For the data that follows, print the line with "tout un appartement", the line with "River Plate se", and all lines between them, exactly as they stand. Omit pictures and add nothing.

** Data for the task follows **

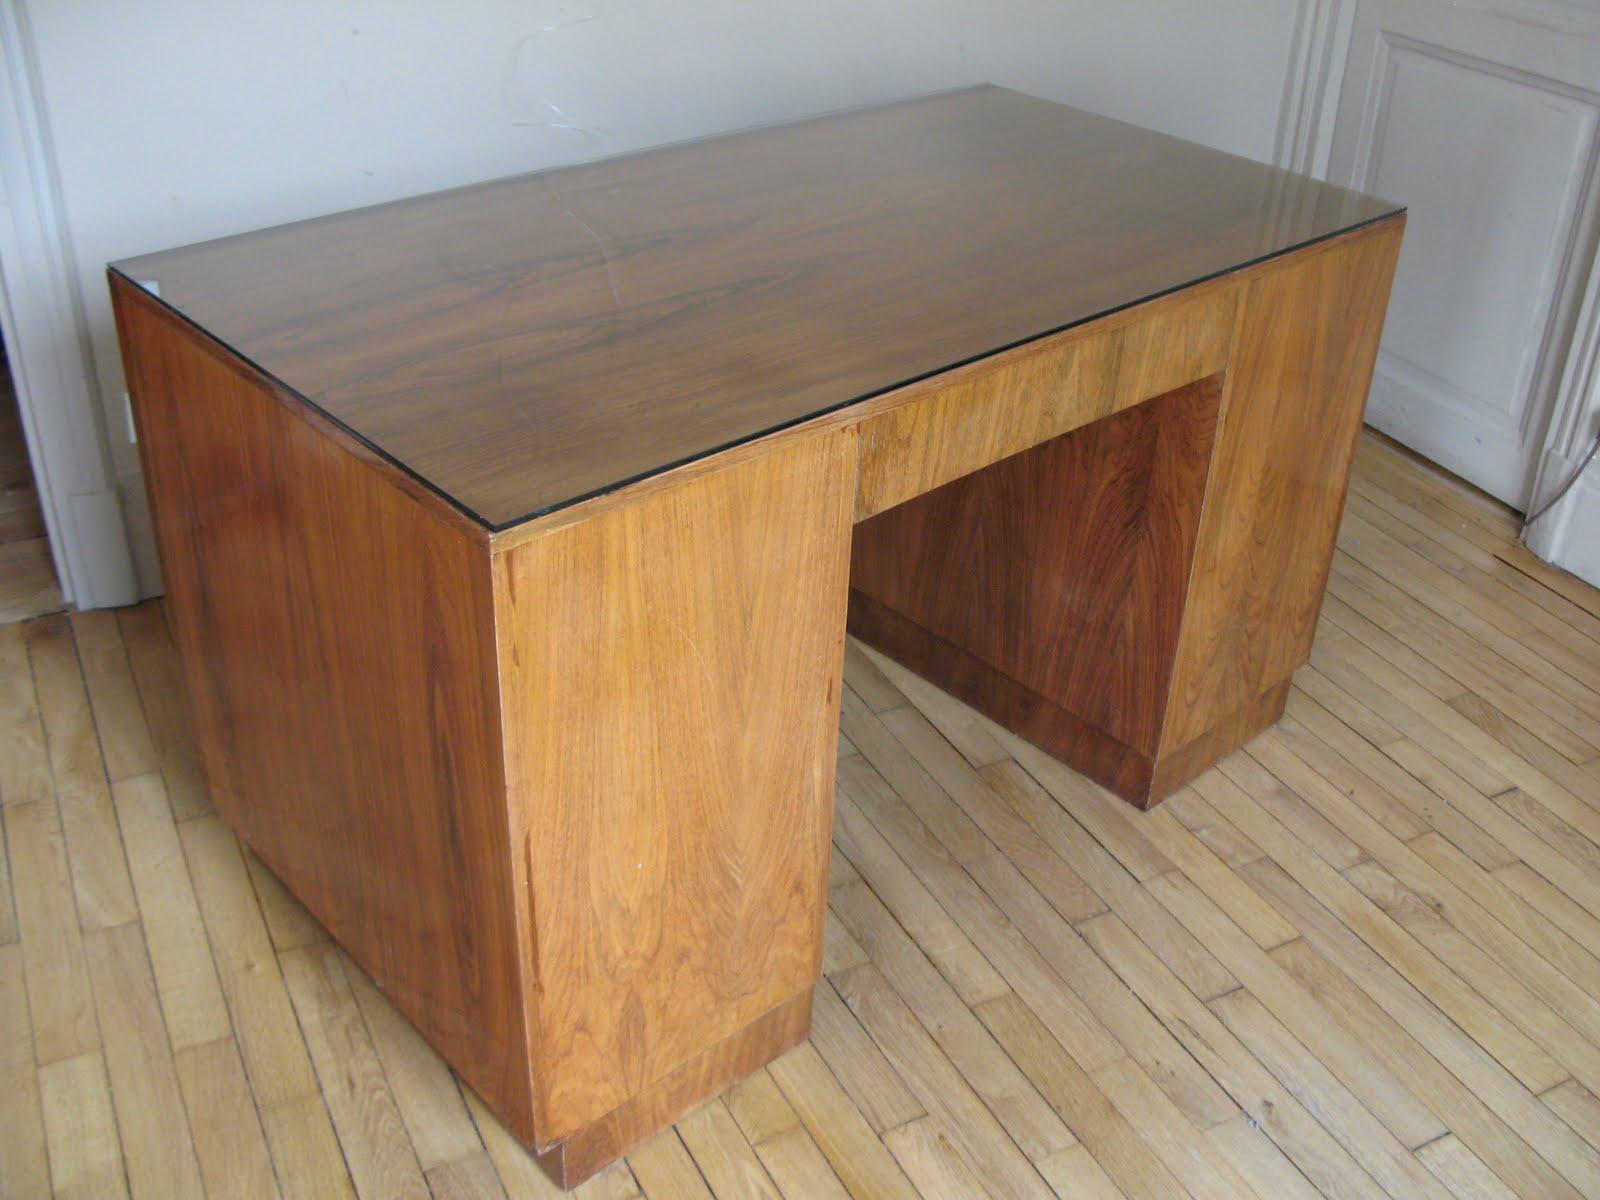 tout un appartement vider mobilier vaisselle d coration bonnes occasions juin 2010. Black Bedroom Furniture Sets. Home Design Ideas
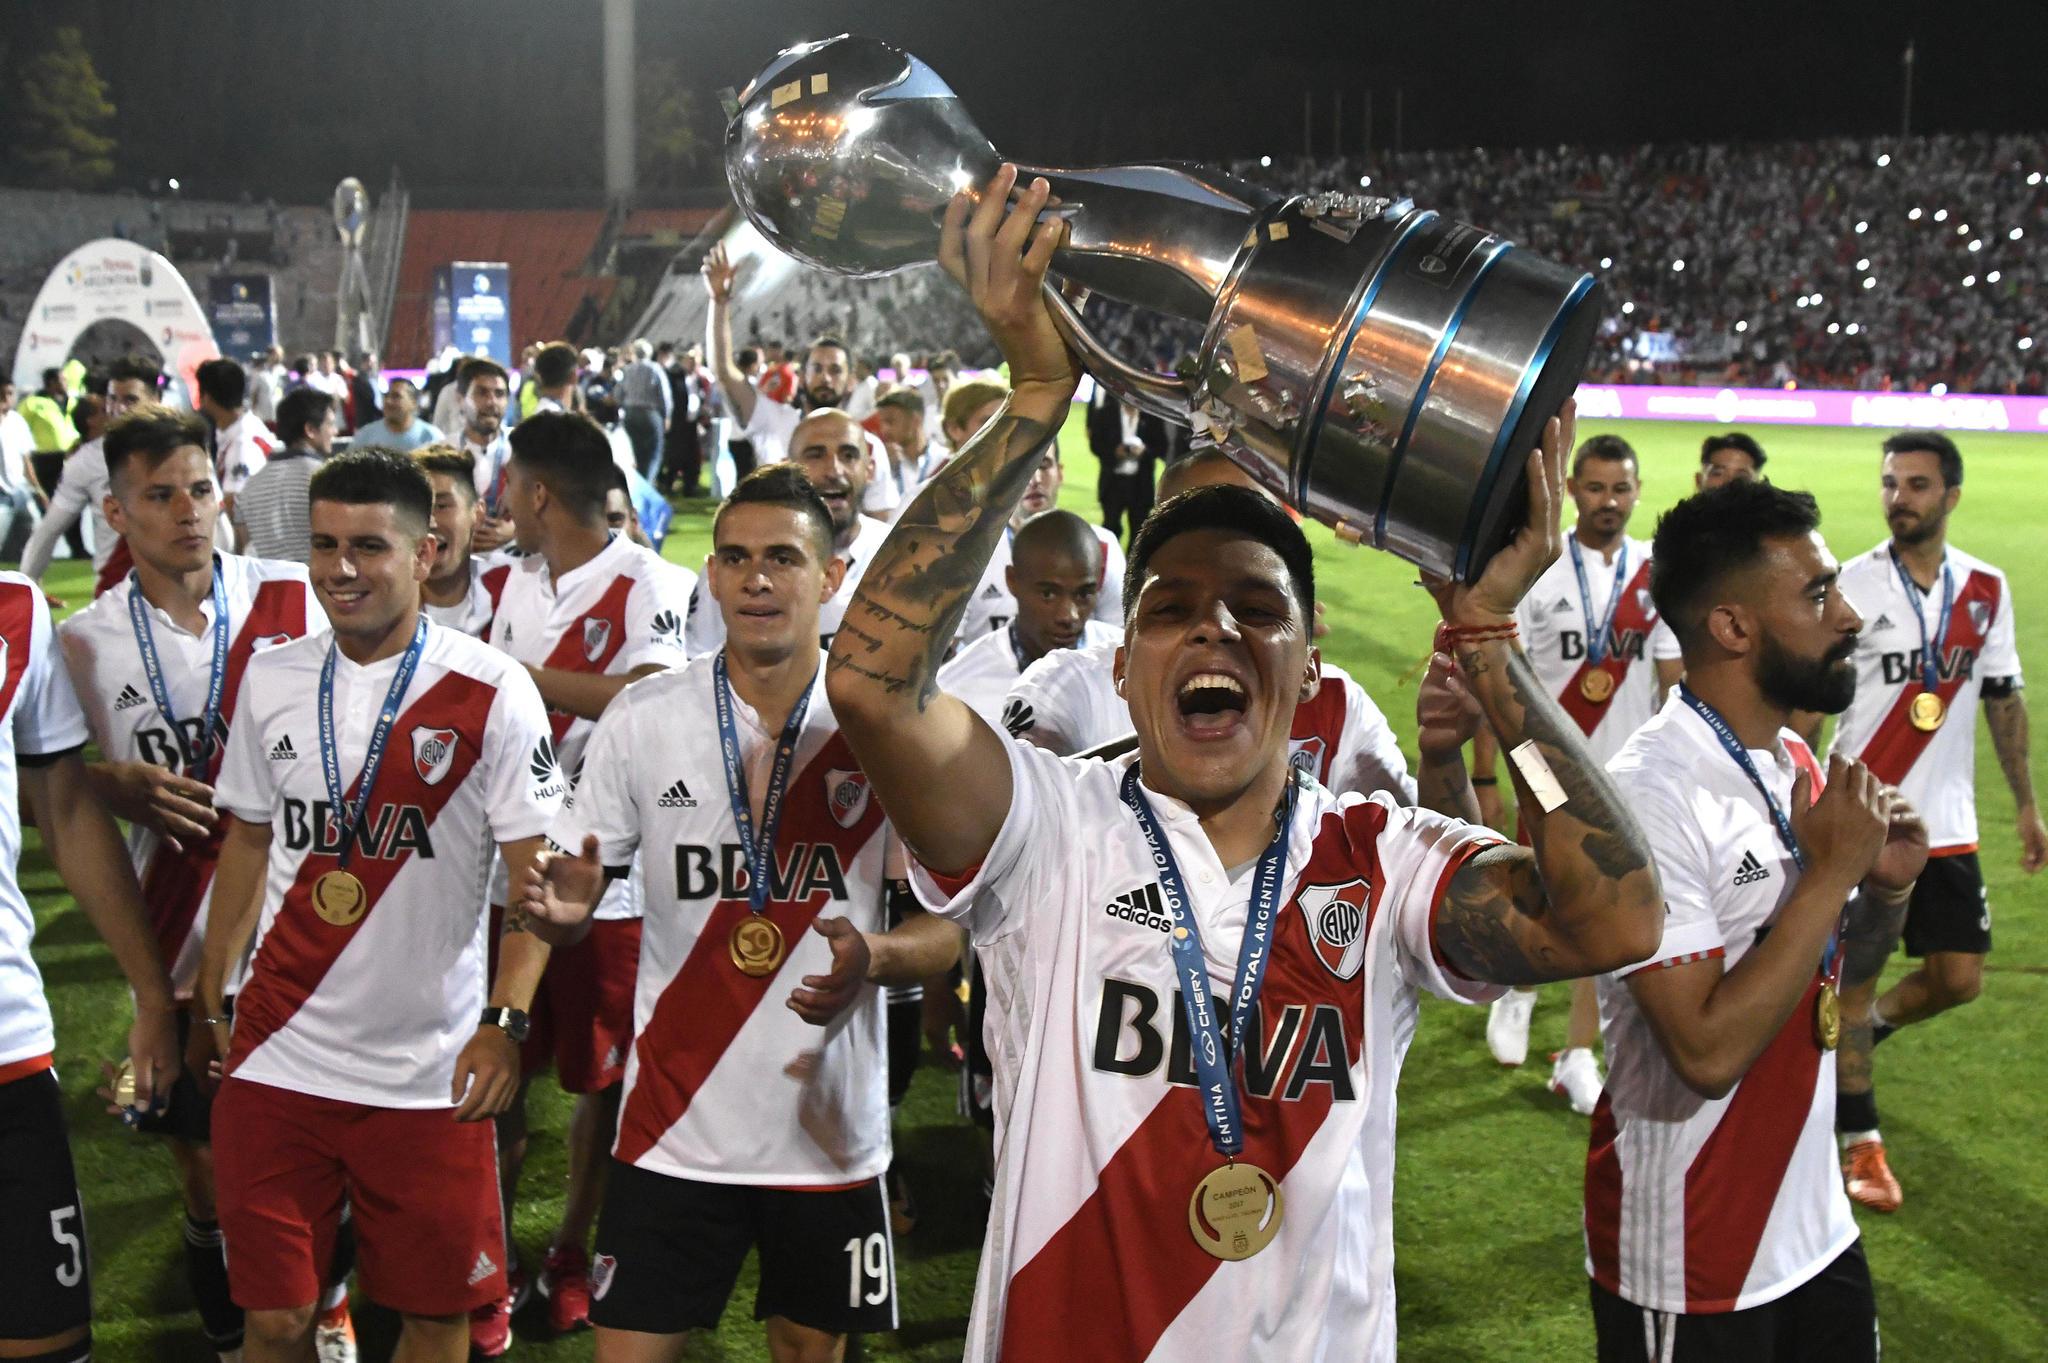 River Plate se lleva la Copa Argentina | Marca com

** End of Data for the task **
** Data for the task follows **

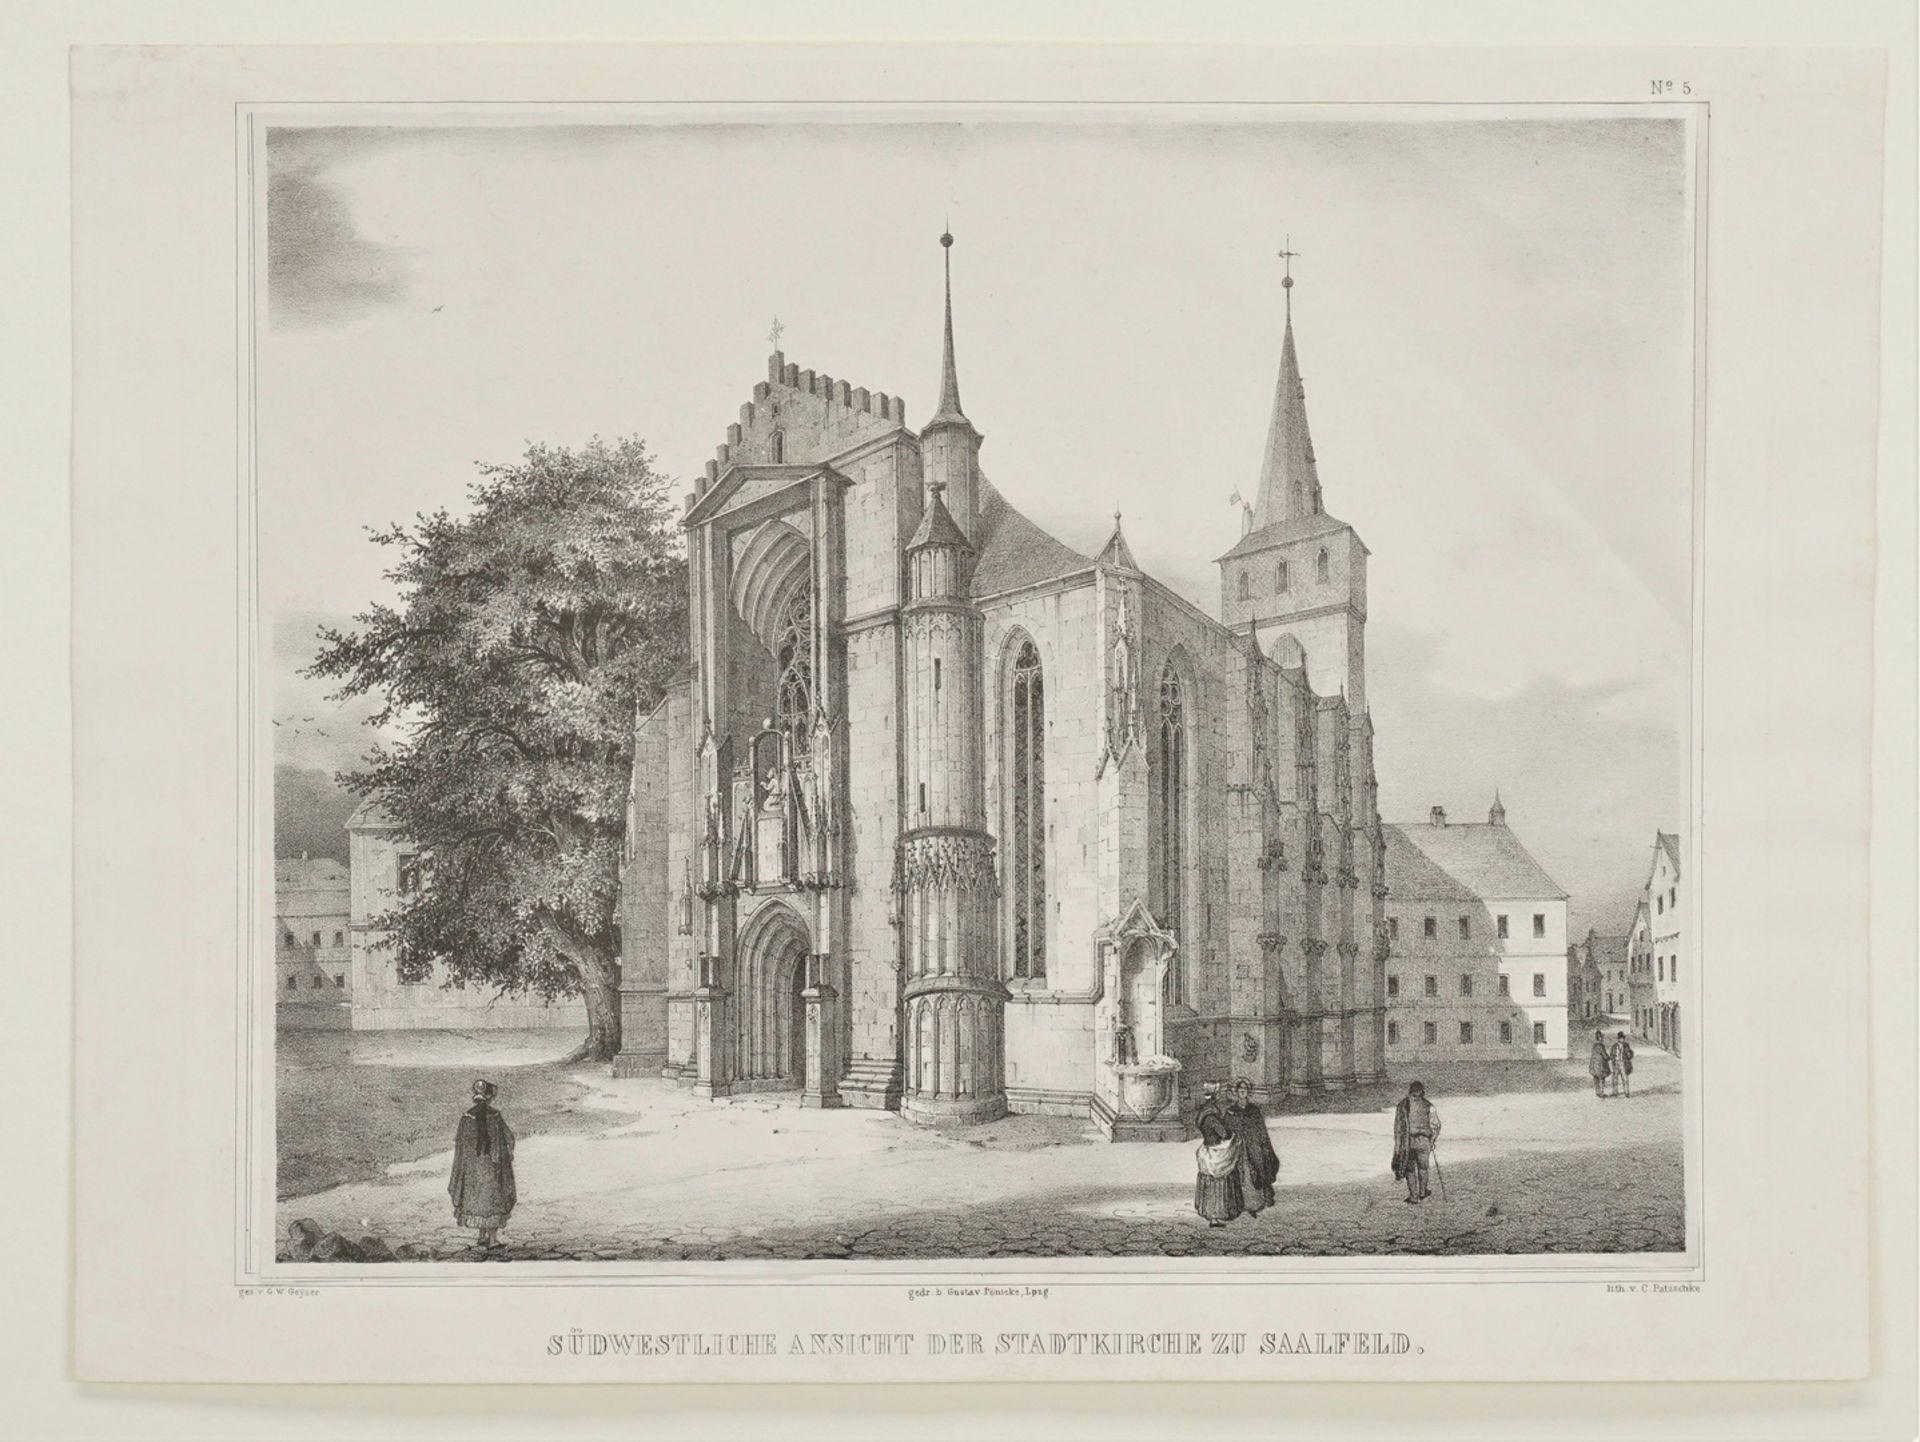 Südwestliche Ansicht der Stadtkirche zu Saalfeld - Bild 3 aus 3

** End of Data for the task **

**Answer to this exercise:**
 tout un appartement vider mobilier vaisselle d coration bonnes occasions juin 2010. Black Bedroom Furniture Sets. Home Design Ideas
 River Plate se lleva la Copa Argentina | Marca com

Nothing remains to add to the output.